Tuesday, August 11, 2009

How do I love?


In response to my low iron levels, I made Tomato-Curry Lentil Stew (lentils are supposed to be uber high in iron). I'm switching to white rice this week (brown rice inhibits iron absorption) and will continue taking iron pills. Hopefully when I attempt to give blood again next week, they won't turn me away again. Curry and tomatoes are quite a tasty combination, if I do say so myself.

Being a Social Psychologist, people often ask me if I analyze people all the time? (By the way, I find that question EXTREMELY annoying, so please don't ask me if you haven't already!) I usually answer no, because otherwise the other person shuts up really quickly. The truth is, though I don't intentionally analyze everyone I meet, I'm definitely very aware of how a person tries to present him or herself. One of my main lines of research has to do with identity negotiation: how a person "negotiates" with those around them how they want to be seen as well as the underlying motivations behind the negotiation process.

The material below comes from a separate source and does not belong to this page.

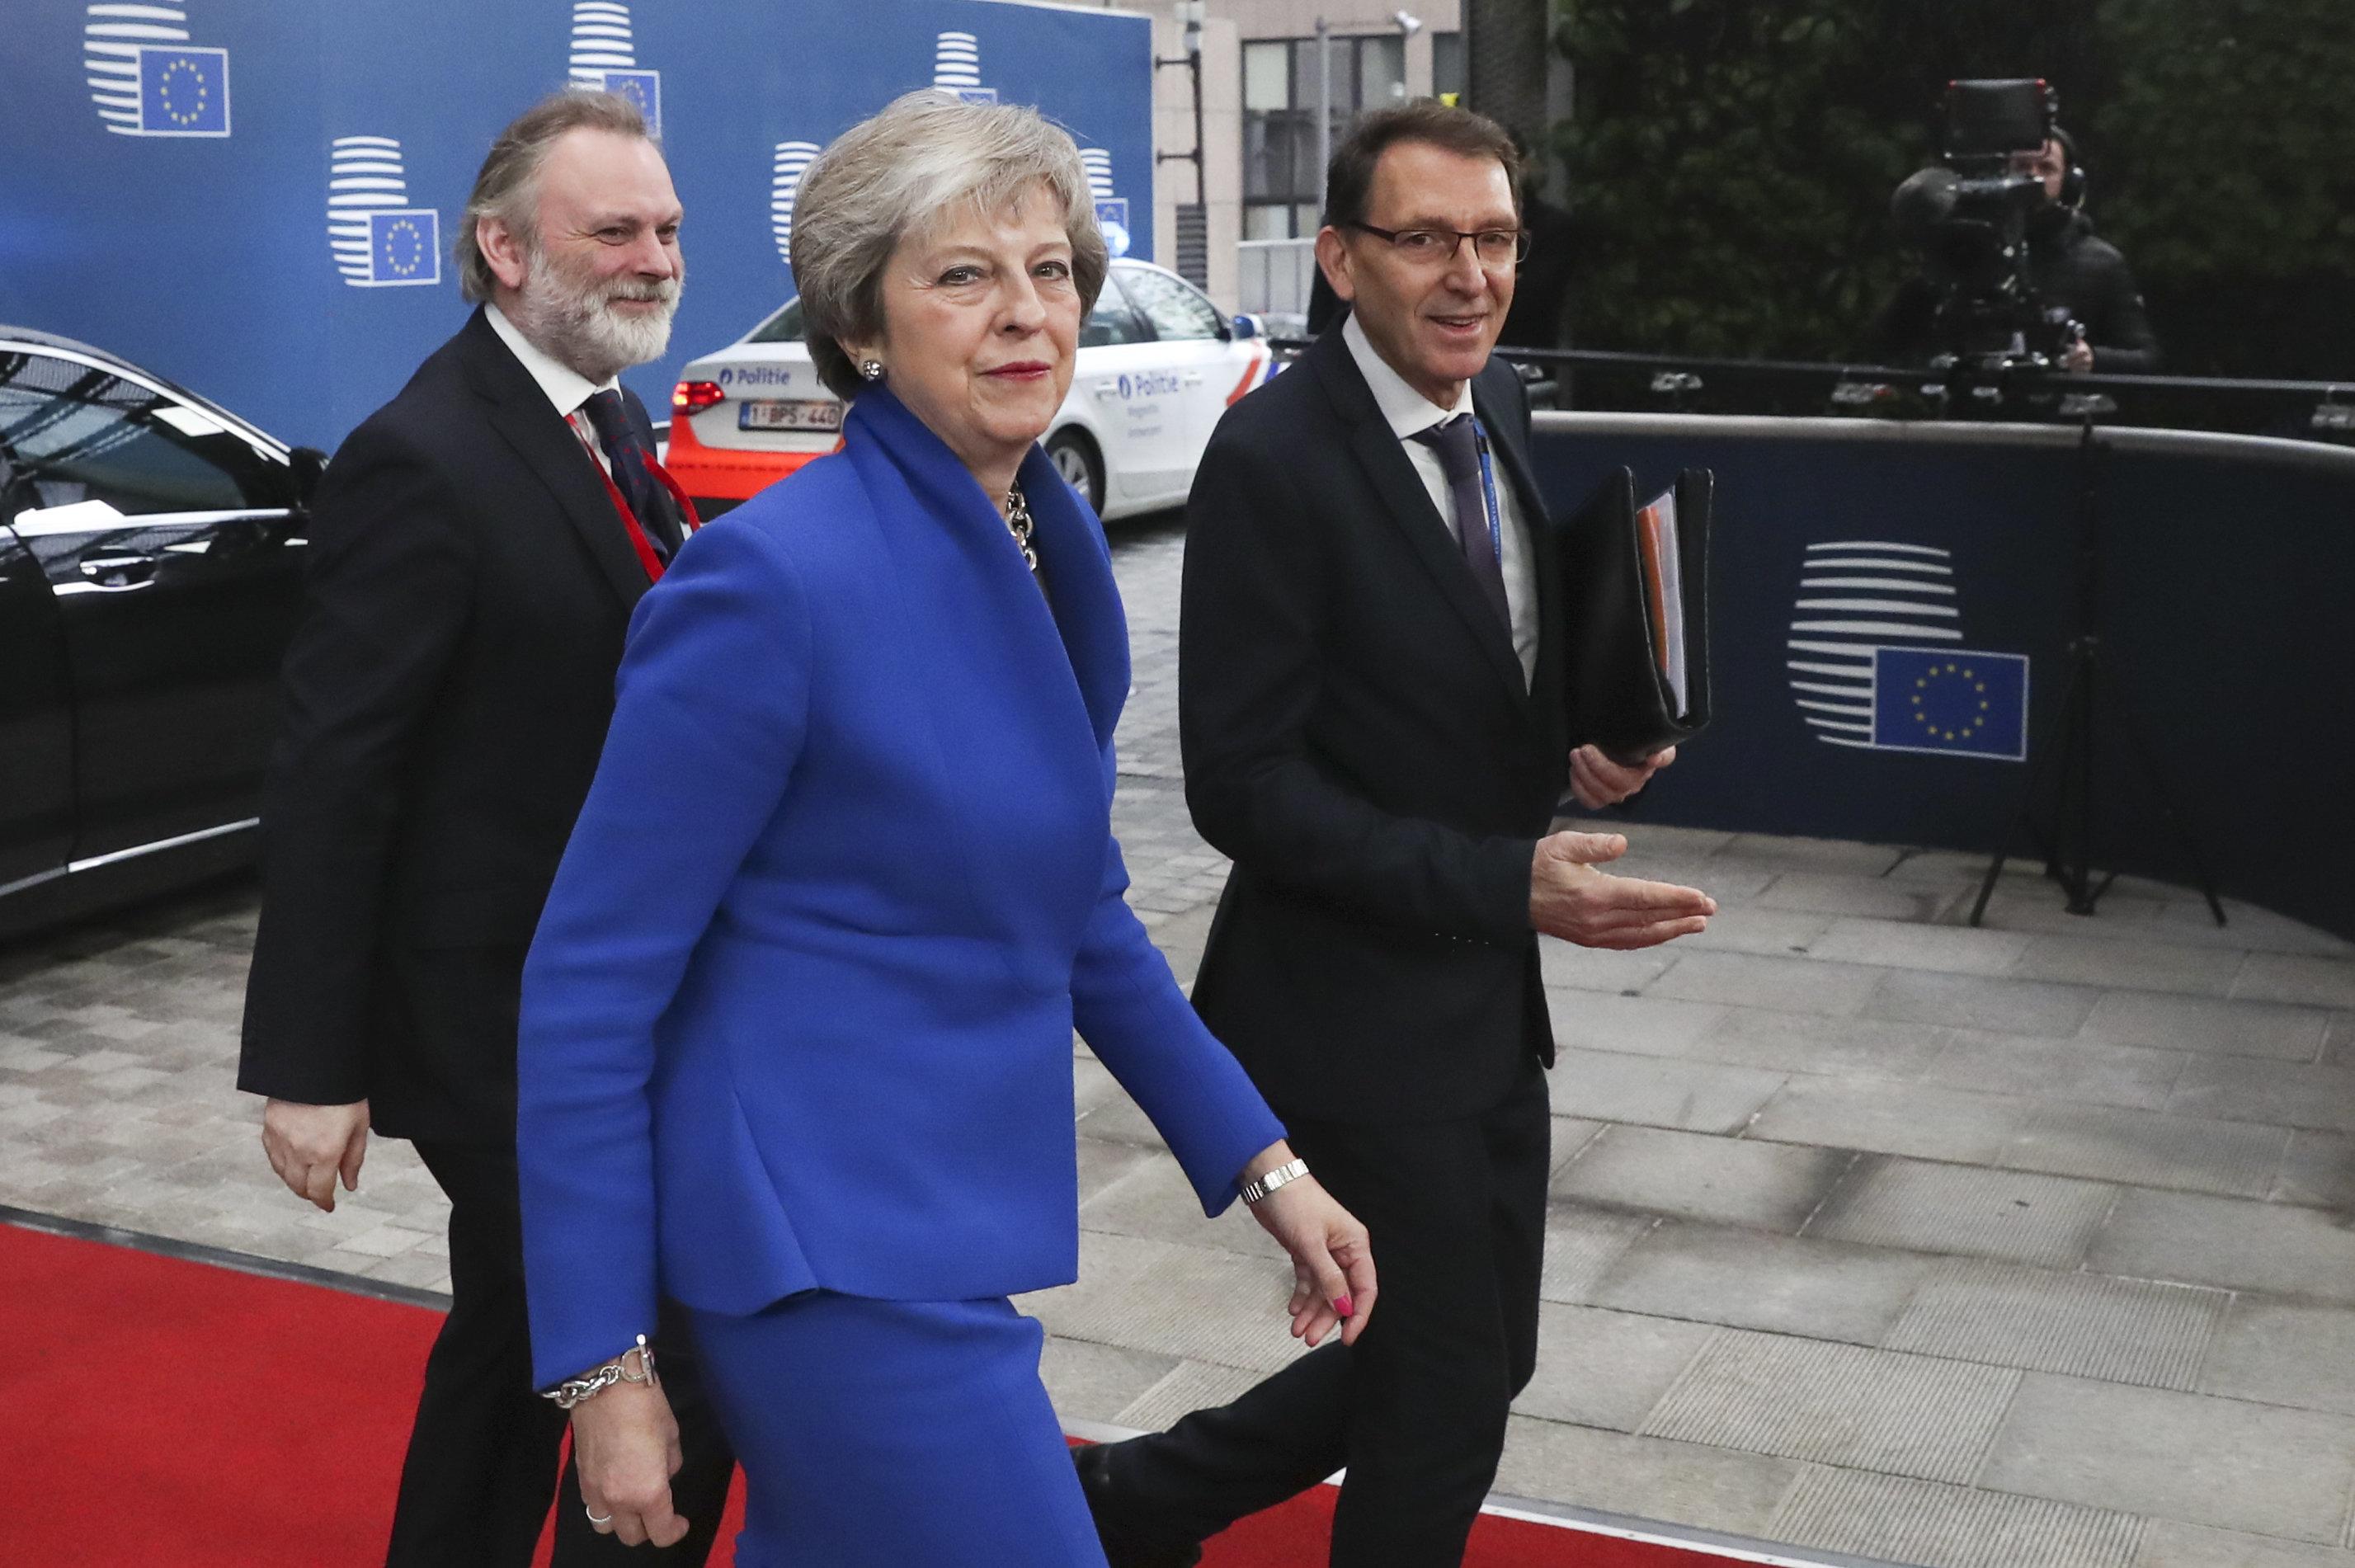 EU 지도자들이 '브렉시트 합의문'에

Anyway I recently noticed two particular people in my life who have some deep-seated insecurities in their identities. One woman is very insecure in her position in her life. She compensates for this by clinging onto an identity of a nurturer and at every opportunity tries to assert her authority and care upon others. Sometimes it's welcomed, sometimes it's not. Though her intentions are good, I've noticed that need holding her bondage. As soon as her sense of authority or ability to nurture is undermined, she becomes very defensive and hurt.

Another man constantly boasts about his abilities and his experiences. I found it to be tiresome to listen to until one day he said something that made me realize the only reason he boasts so much is because he really doesn't believe in himself. He has an inferiority complex that is driving him to verbally assert who he is to any listening ear.

So my question is, what is the loving thing to do? For both this man and this woman, their insecurities have such a hold on their life. Do I encourage them and indulge them, driving them deeper into their habit of self-assertion, or do I refuse to indulge them? Or will my constant encouragement help them to let go of their need to assert who they are?